Without ids, the gate pairs baseline and candidate items by position, so inserting or reordering a row shifts every later item and blows up the diff.

Give each example a stable `id` and the gate pairs by id instead. Inserting, reordering, or removing rows keeps the diff scoped to the item that actually changed. A JSON or JSONL example carries a top-level `"id"`; a CSV adds an `id` column.

```json
{ "id": "qa-001", "input": "What is 2+2?", "expectedOutput": "4" }
```

```csv
id,input,expectedOutput
qa-001,What is 2+2?,4
```

## In CI

The loop is: run the gate test (it throws on a regression), then report the verdict, even when the build failed. Drop this PR-triggered job into your workflow:

```yaml
eval-gate:
  name: Eval Gate (server-free)
  runs-on: ubuntu-latest
  if: github.event_name == 'pull_request'
  permissions:
    contents: read
    pull-requests: write

  steps:
    - uses: actions/checkout@v4

    - name: Set up JDK 17
      uses: actions/setup-java@v4
      with:
        java-version: '17'
        distribution: 'temurin'
        cache: 'maven'

    # A real regression fails this step. The report step still runs (if: always()),
    # and the gate writes a per-baseline verdict file before throwing, so the verdict is always available.
    - name: Run eval gate
      run: mvn -B test -Dtest=RegressionGateTest

    - name: Report gate verdict
      if: always()
      uses: dokimos-dev/dokimos/.github/actions/eval-gate-report@v0
      with:
        verdict-dir: target/dokimos
```

`RegressionGateTest` and the single-module `mvn test` are placeholders. Point `-Dtest` at your own gate test and adjust the build for your module layout.

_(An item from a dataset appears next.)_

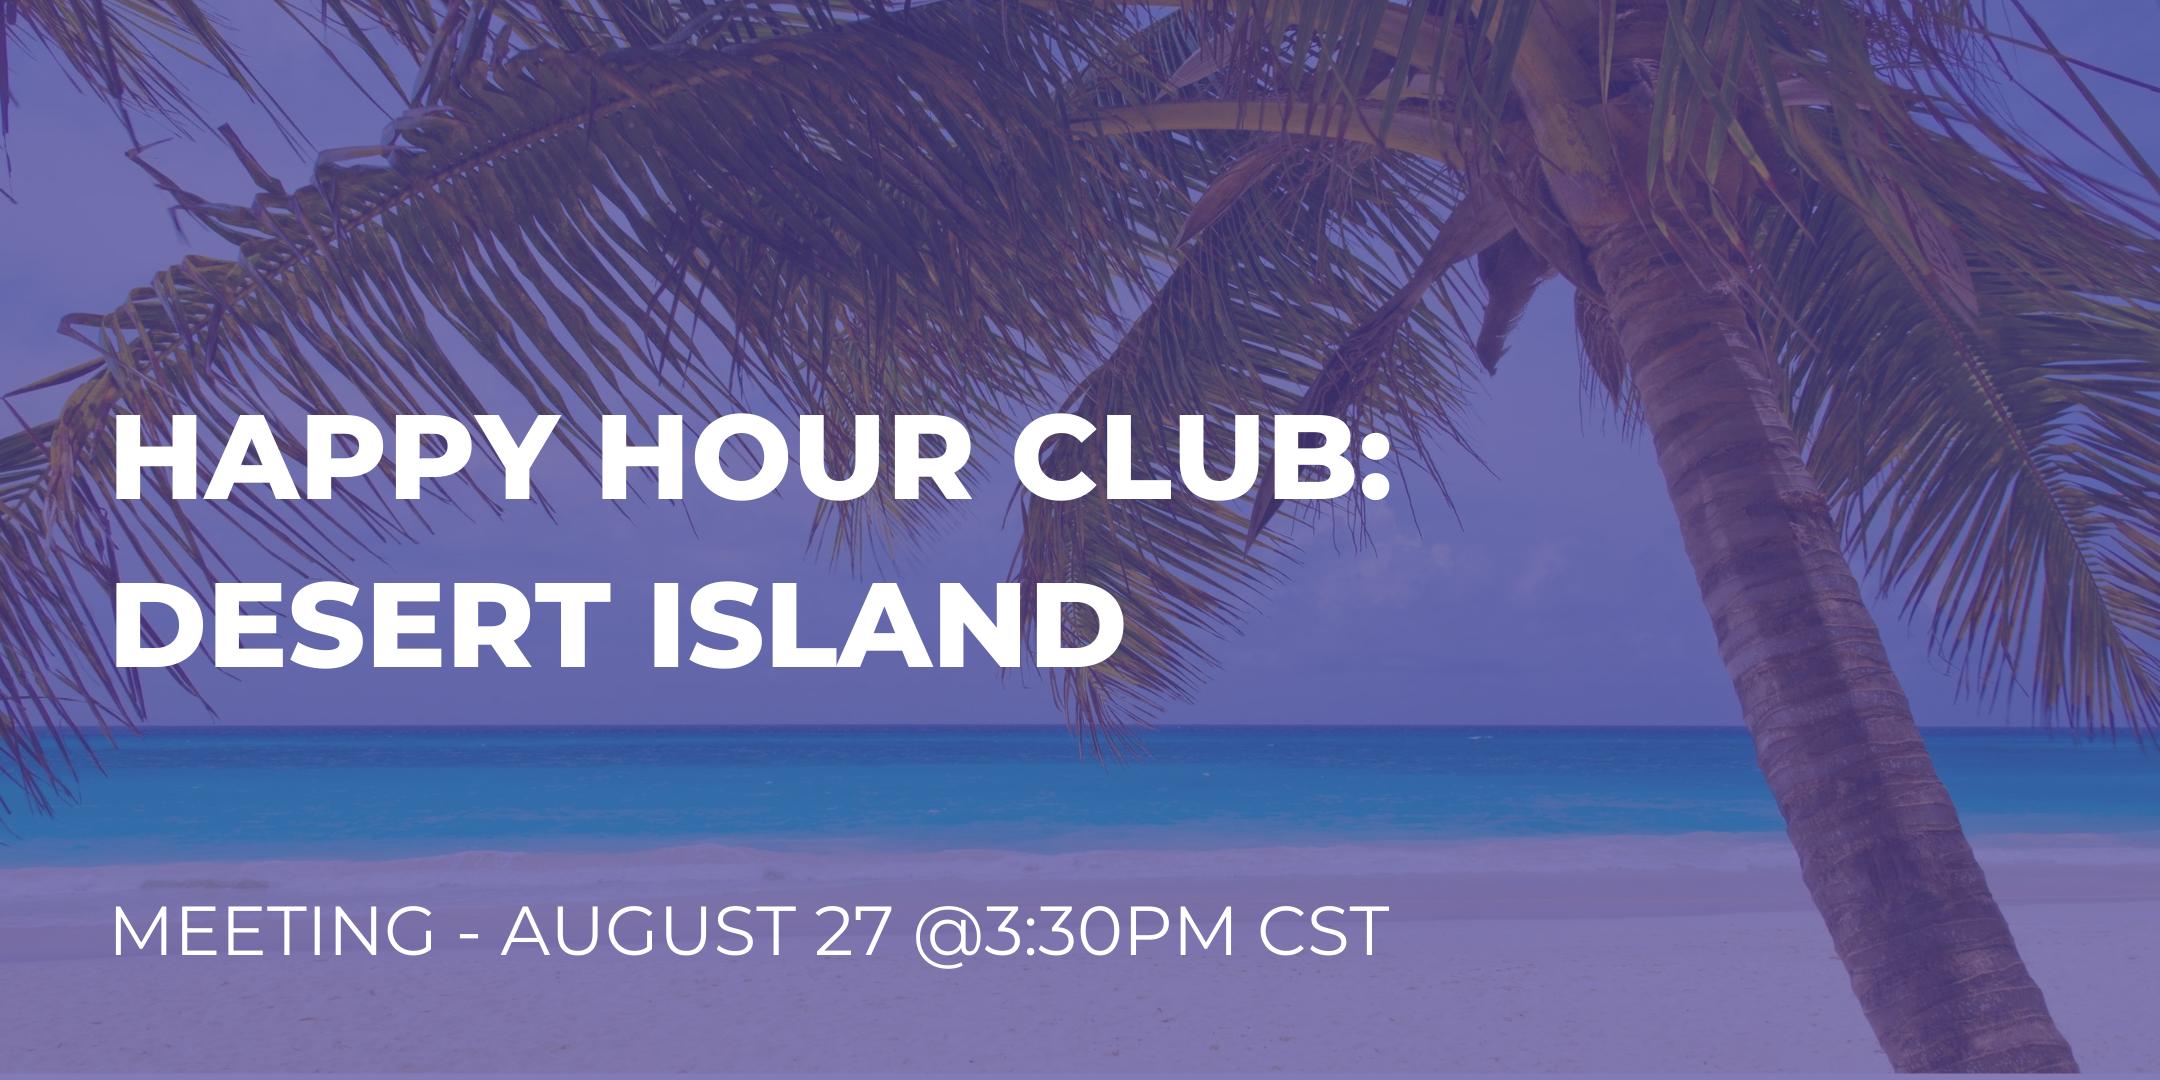 Happy-Hour-Club-Desert-Island

The `if: always()` on the report step is the load-bearing part. The gate writes a per-baseline verdict JSON under `target/dokimos` *before* it throws, so the report step posts the sticky PR comment after a failing build. Without `always()`, the one run you most want explained would post nothing. The action renders every verdict file in the directory, so one job can gate several baselines. The comment shows the pass-rate move and the regressed cases, and updates in place on each push instead of stacking up.

  <ThemedImage
    alt="The eval gate's comment on a pull request: a failing run posts the pass-rate move, the significance flag, and the regressed cases"
    sources={{
      light: '/img/eval-gate-pr-comment-light.png',
      dark: '/img/eval-gate-pr-comment-dark.png',
    }}
  />

**Not on GitHub?** A failing `mvn test` is the gate on every runner: GitLab, Jenkins, Gradle, local. The verdict JSON lands under `target/dokimos`, one file per baseline (named for the baseline stem), if you want to render it yourself.

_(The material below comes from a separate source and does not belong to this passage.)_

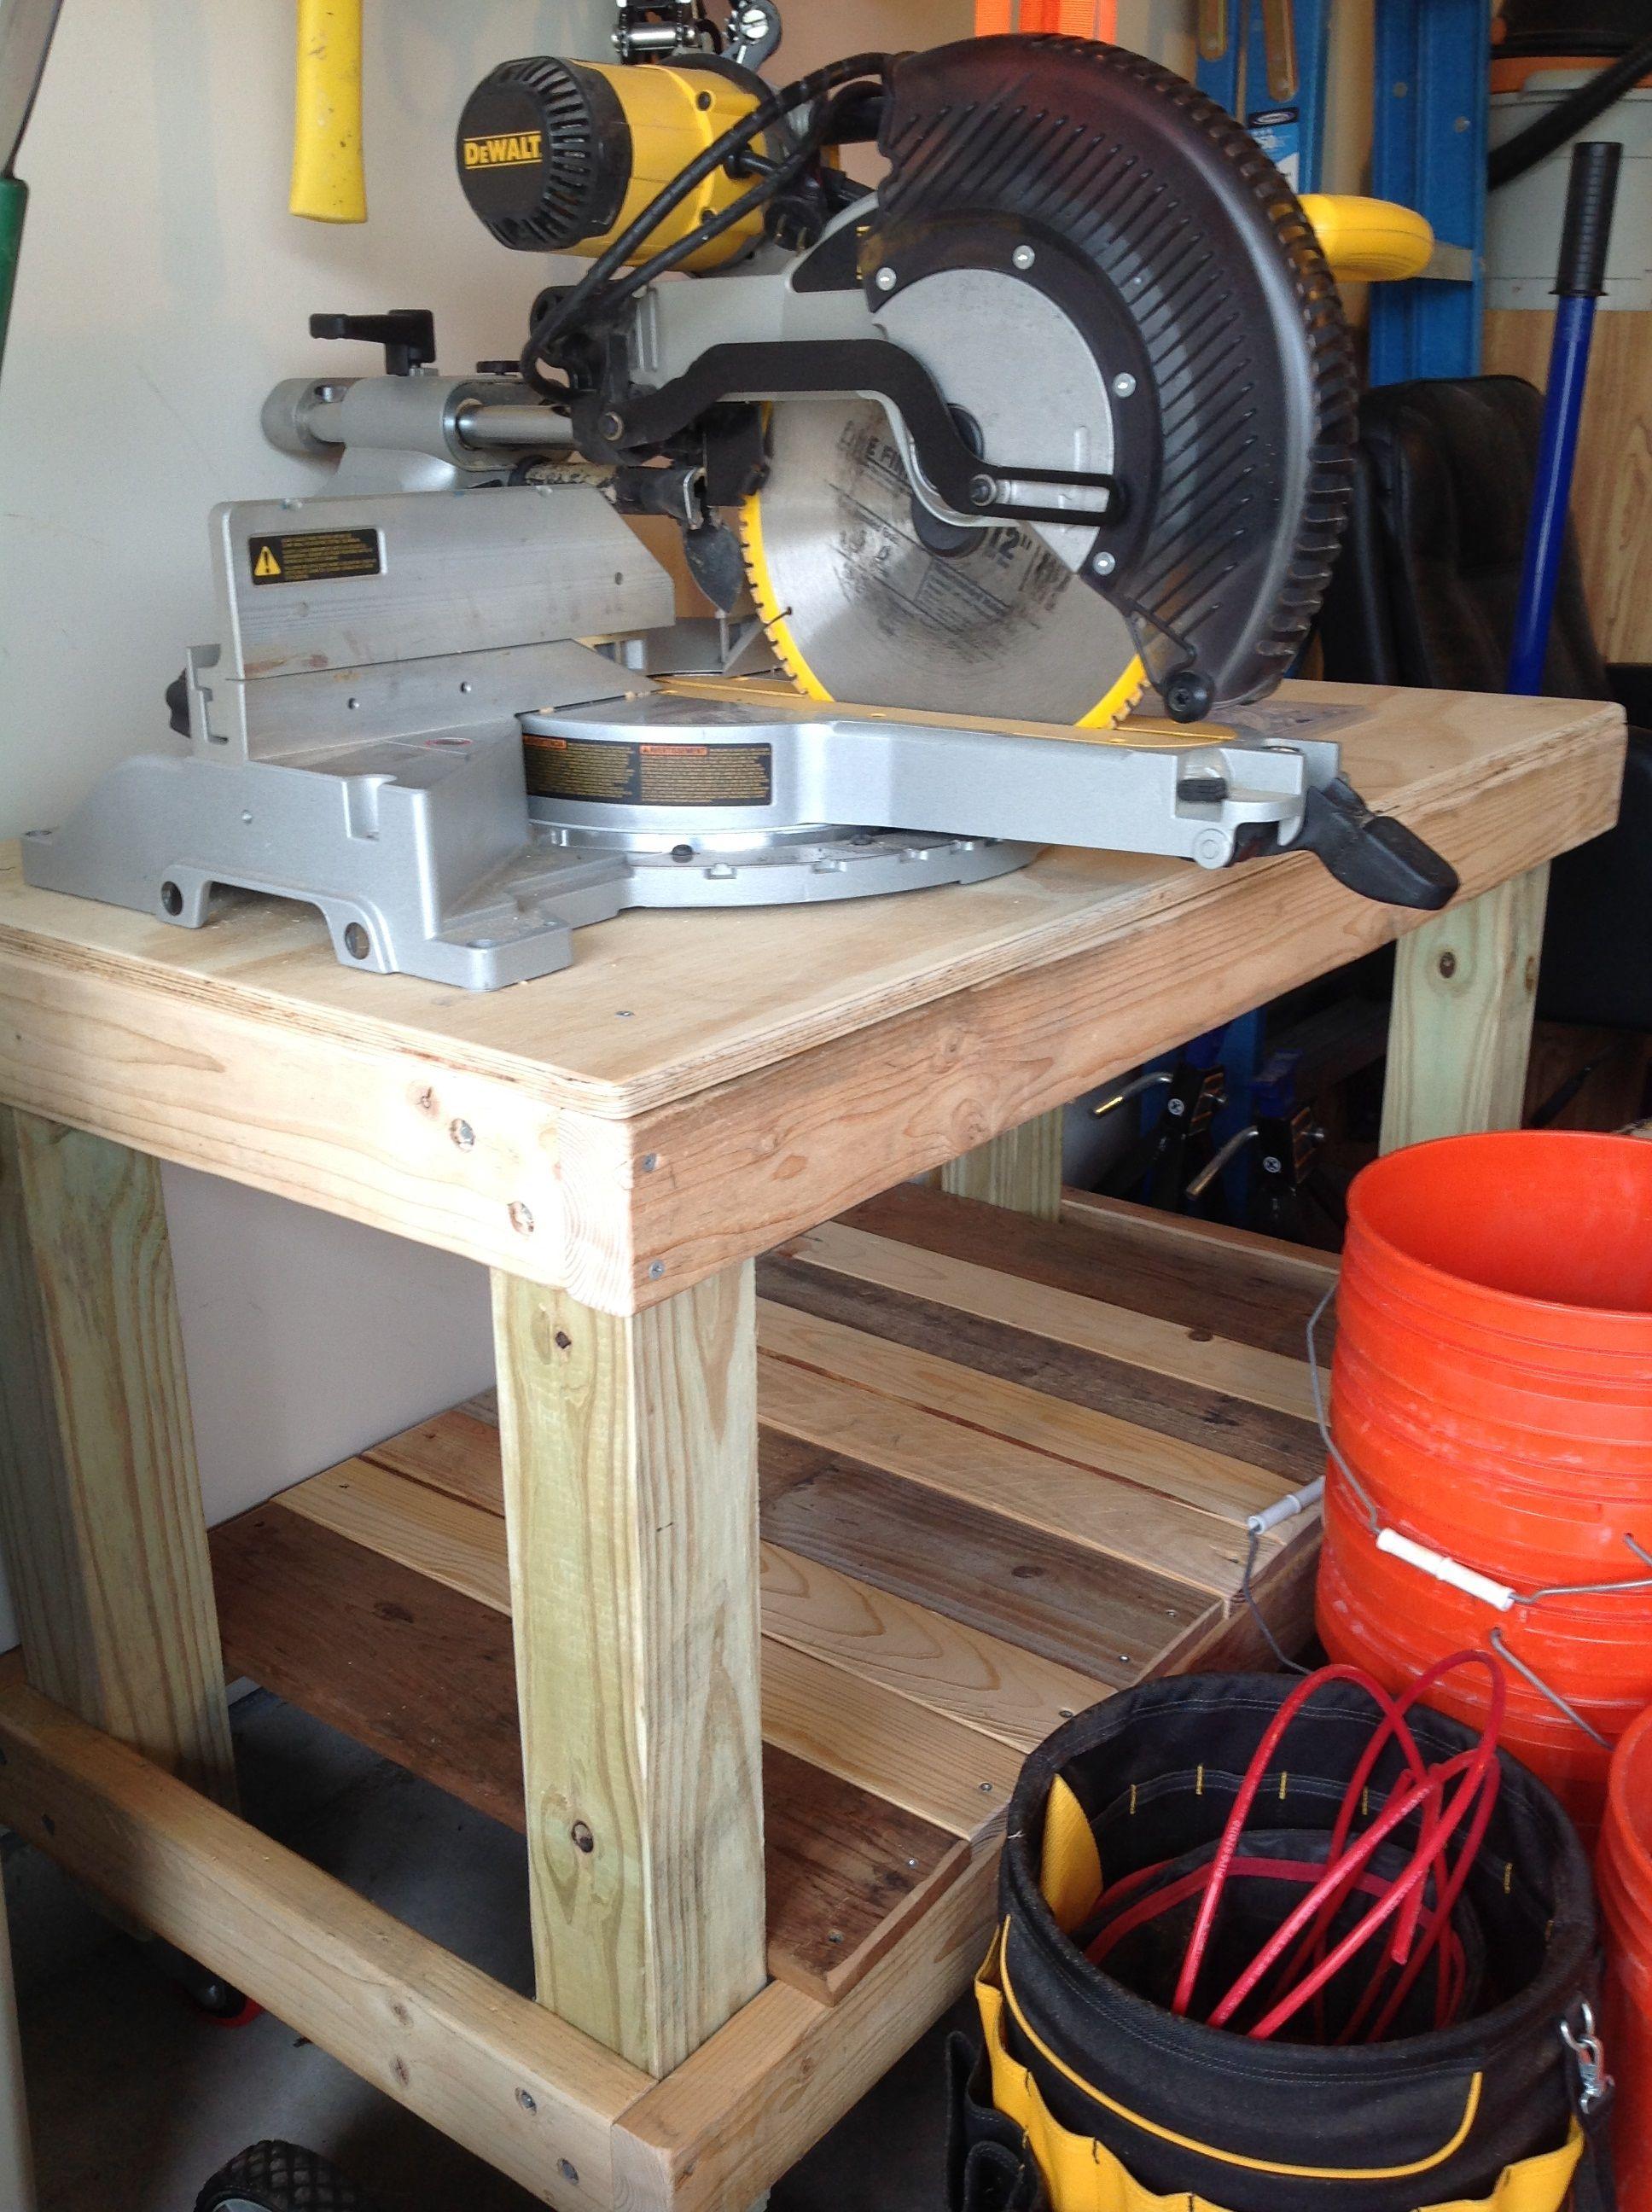 diy rolling workbench 4x4 post legs 2x4 frame pallet wood shelf locking - Rolling Workbench

**Cost.** The candidate re-runs the eval on every push, so an LLM-judge gate costs tokens each time. Path-filter the workflow to PRs that touch datasets, prompts, model config, or the code under test. There is nothing to regress when only docs changed. Deterministic evaluators are free, so a gate built on those can run on every push.

## Server-based gate

Already running the Dokimos server? It offers the same gate as an HTTP endpoint that picks the baseline run for you and branches CI on a single `passed` boolean, with no committed baseline file to maintain. See [CI regression gate](../server/ci-gate.md). The server-free gate on this page is the right fit when you want the baseline in git and the gate to run as an ordinary test with no extra infrastructure.